On health care, you've said Republicans have focused too much on repealing the Affordable Care Act and that's made it more difficult to reform health care. What kinds of reforms would you propose and what, if anything, from the current system would you keep in place?

There's very little from the current system I would want to keep in place, because the current system started from the wrong area. It started from this idea that the government needs to be a provider of insurance to everybody, one stop shopping. Rarely is the government good at such things. What the American people want is freedom and choice. What they also want, which Obamacare did not address, is the cost of health care itself. Remember, all the discussion is really around insurance. Why is insurance so important? Because the basic cost of health care is too high.

There are many reasons why the basic cost of health care is too high and a lot of that needs to get addressed with quite frankly wrong-headed incentives in large government programs like Medicare. Medicare drives costs all across the system. You're not going to be able to balance the budget without reforming entitlements; you're also not going to be able to reform health care without reforming entitlements. It's all wrapped up together. And we need to be honest with the American people that we have to tackle some time-honored, but not time-well-served, programs. Social Security, Medicare, these were important programs; they still are. They are not sustainable in their current form. In order to balance the budget, in order to reform health care, in order to create economic growth, we have to tackle those programs, because left to current law, they're going to eat up more and more of federal spending and ultimately consume themselves. We just can't have that; we need to preserve those programs.

On immigration, you've talked about border security coming first, and you've said no amnesty. What would you do with the millions who are already here?

I think for us all, we need to start having a little bit more of a finer view of who we're talking about. Those 14 million Americans are not created equal, and a reasonable system is going to be one that makes a difference between the criminals in the country and those who maybe are here under different circumstances, like they were brought here or they overstayed a visa. You have to handle those things differently.

We need a comprehensive immigration policy that is capable of addressing those, prioritizing them and then resourcing it. Right now it's the Wild West. Border security is the start, and I will say the war that's going on in this nation over immigration comes down to the fact that you've got states, cities, municipalities that actually encourage illegal immigration.
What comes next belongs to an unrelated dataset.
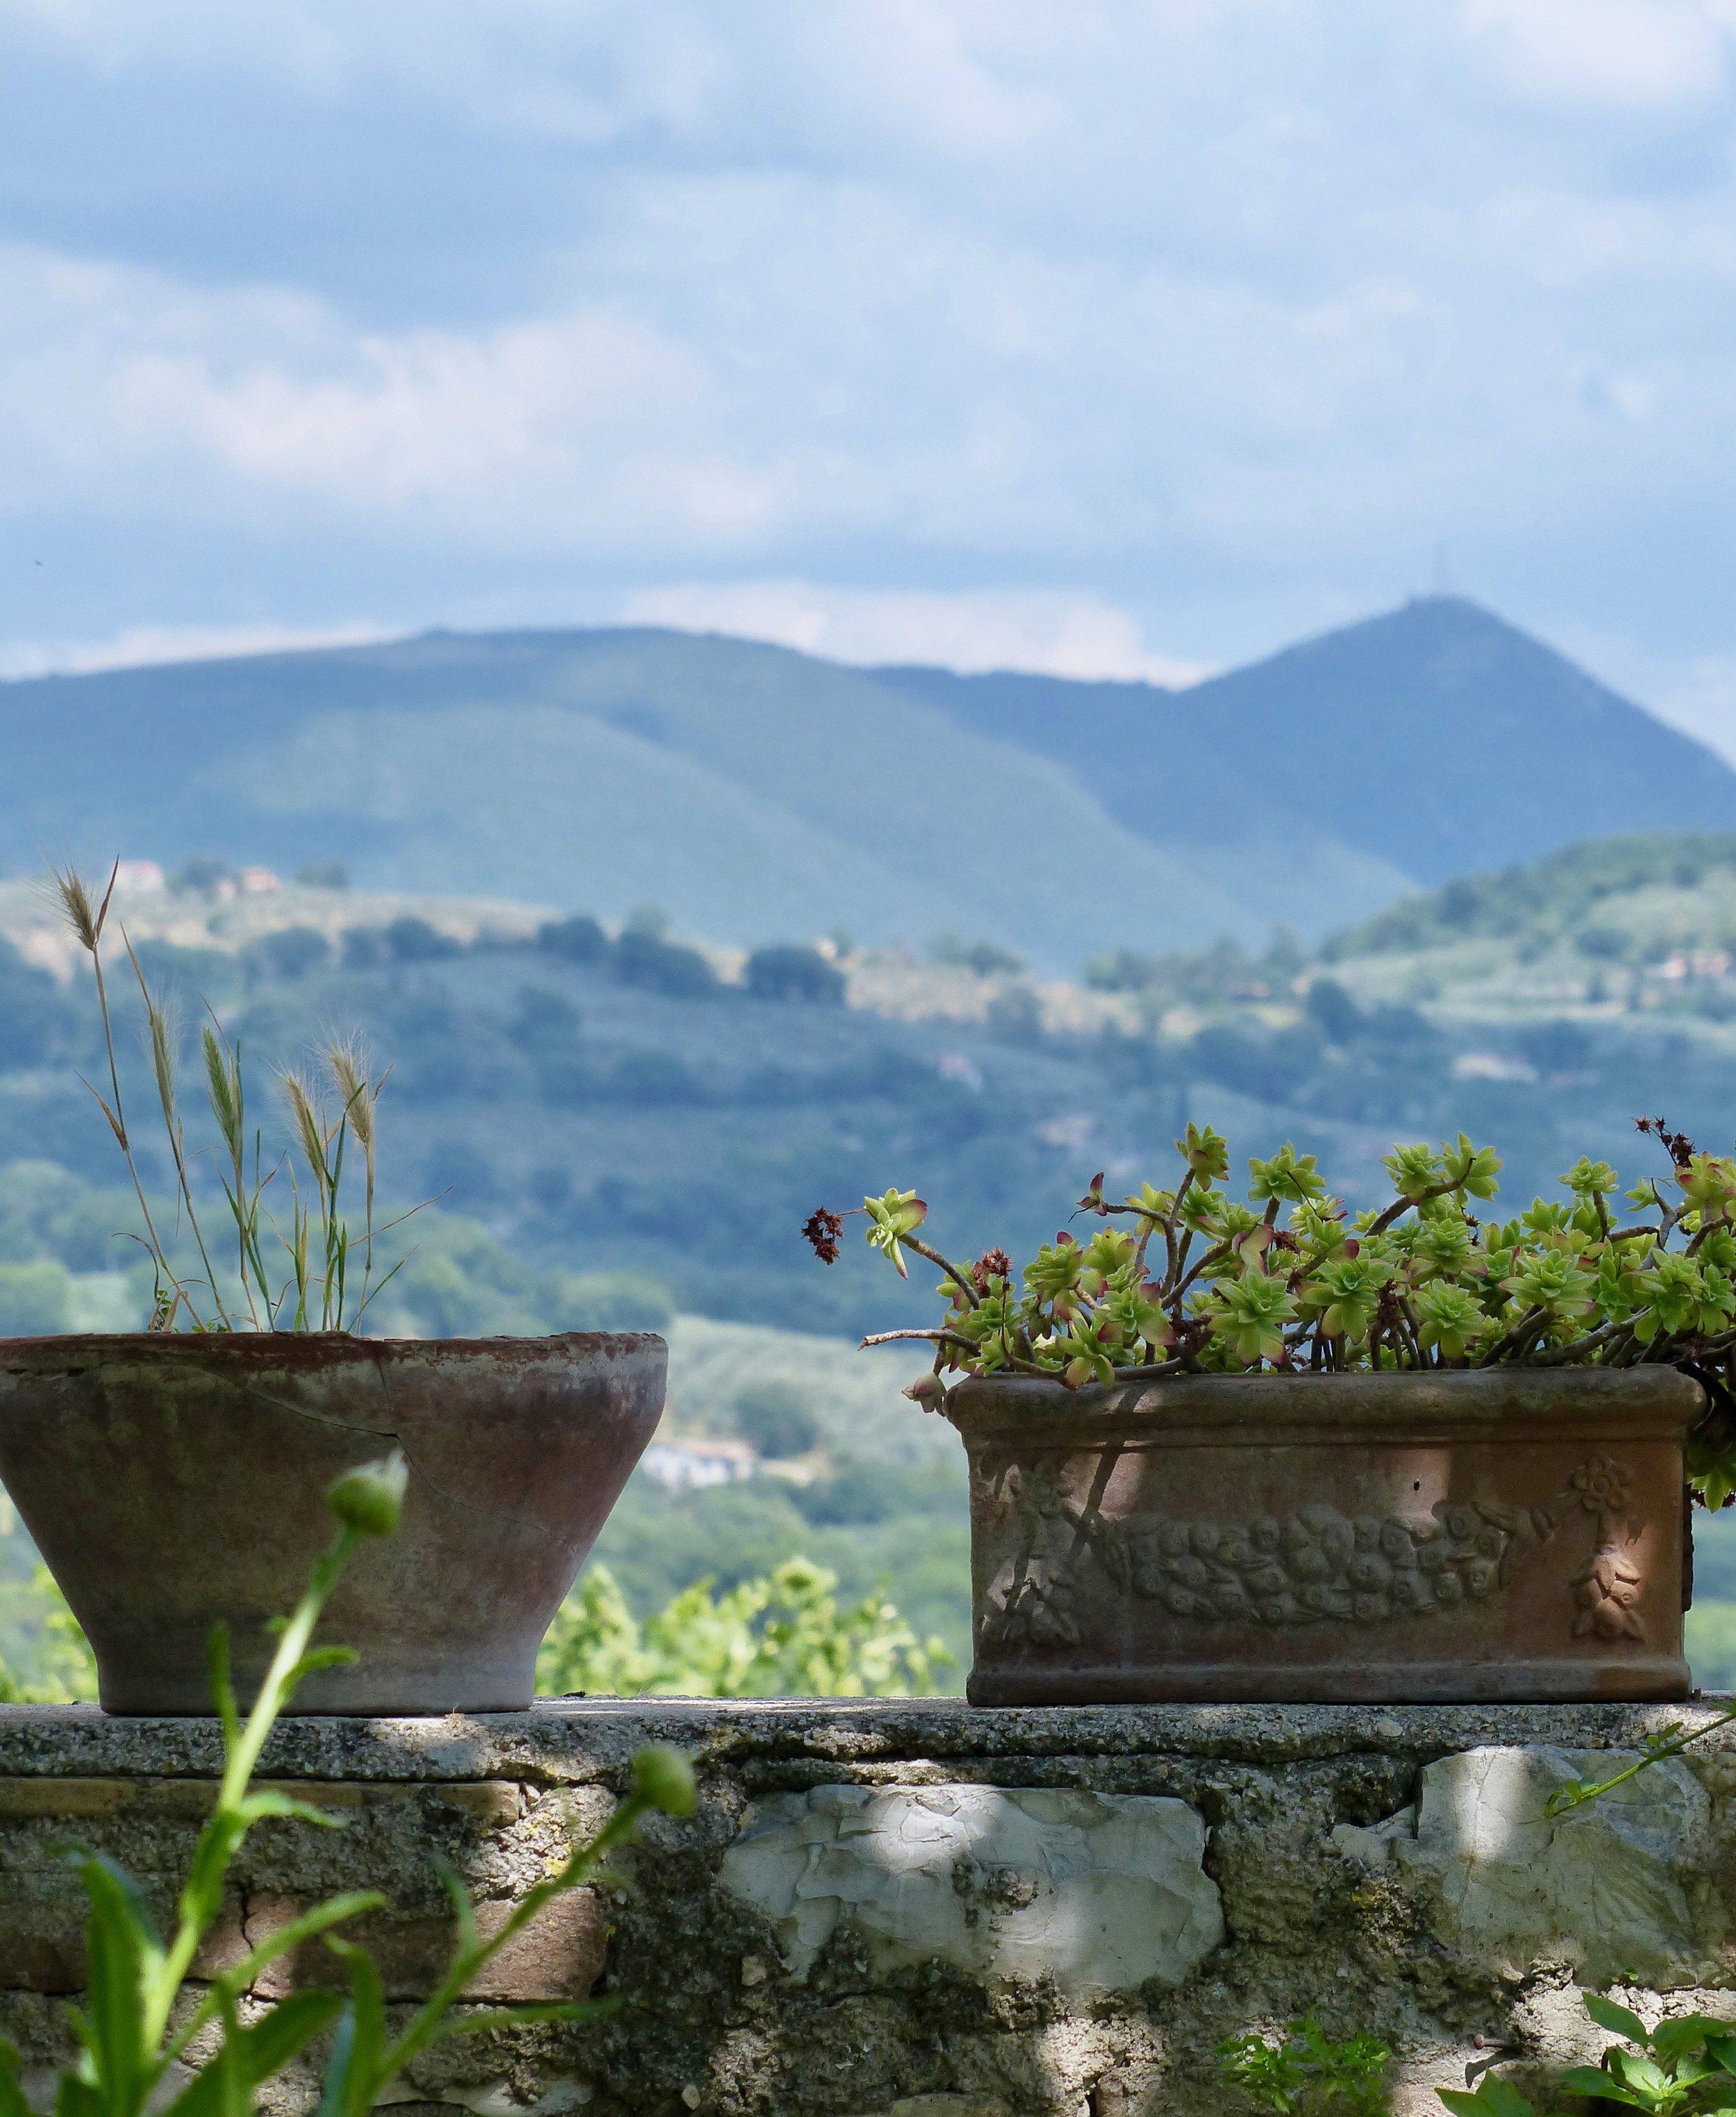 Our garden in Spello

They're called sanctuary cities, and until you start dealing with the incentives for people to take their lives in their hands, the lives of their families in their hands, and these incredibly risky journeys into the US - we have to diminish the attractiveness of undergoing that, and that means stopping these incentives.
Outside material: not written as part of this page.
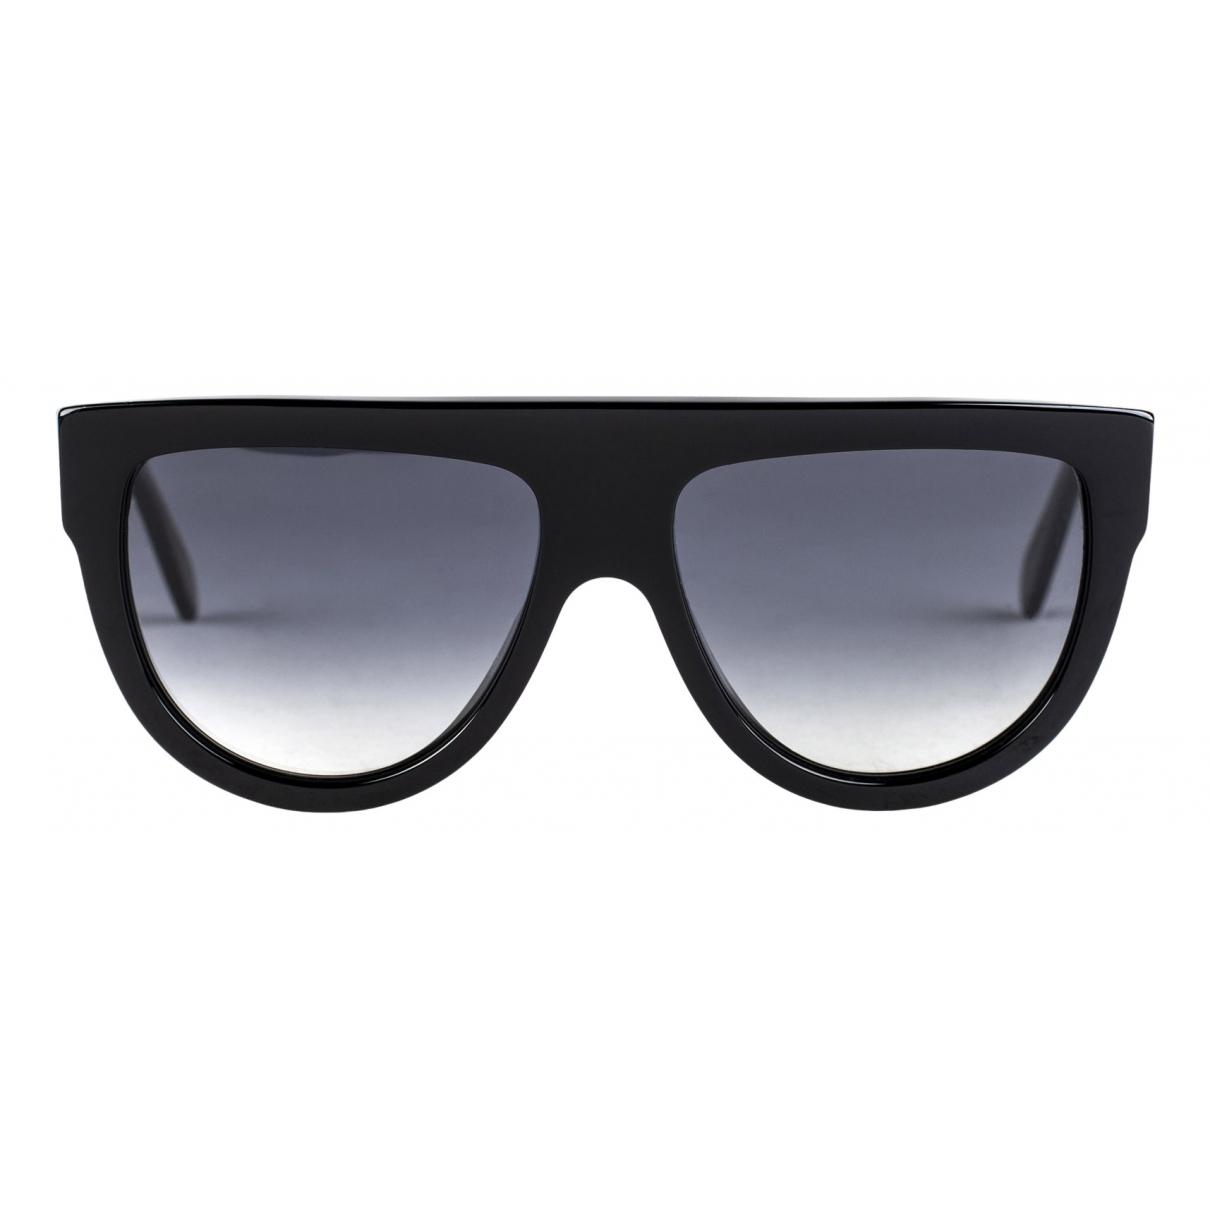 Gafas Celine

You've worn quite a few hats over the hears - working for Sen. Rudman, you worked for BAE Systems, higher education capacities and a number of nonprofits. But you also worked on a family farm that grew "fancy Pascal celery"?
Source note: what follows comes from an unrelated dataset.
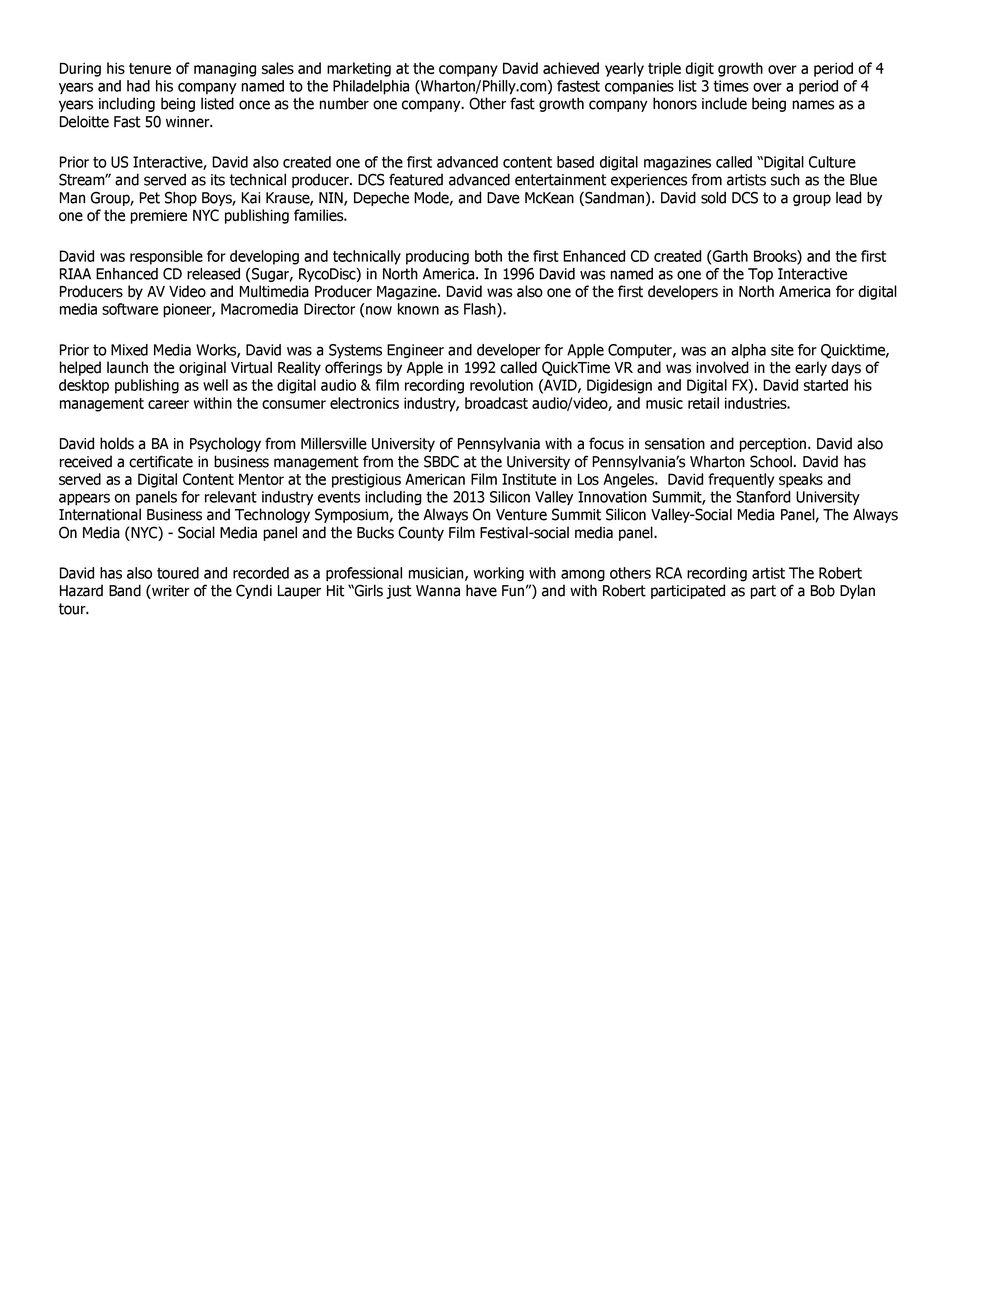 David.J.Russek.bio.10.16-page-002.jpg

I did. My family came here to work in the mills in Manchester, but mill work, a lot like farm work, can be really hard. My grandparents wanted to control their own destiny, so they started a farm in south Manchester, and there's this strain of celery, fancy Pascal celery. They sold it all over the place; it provided a wonderful living for them. I'm trying to create the fact that this should be the house vegetable, but I keep losing out to carrots.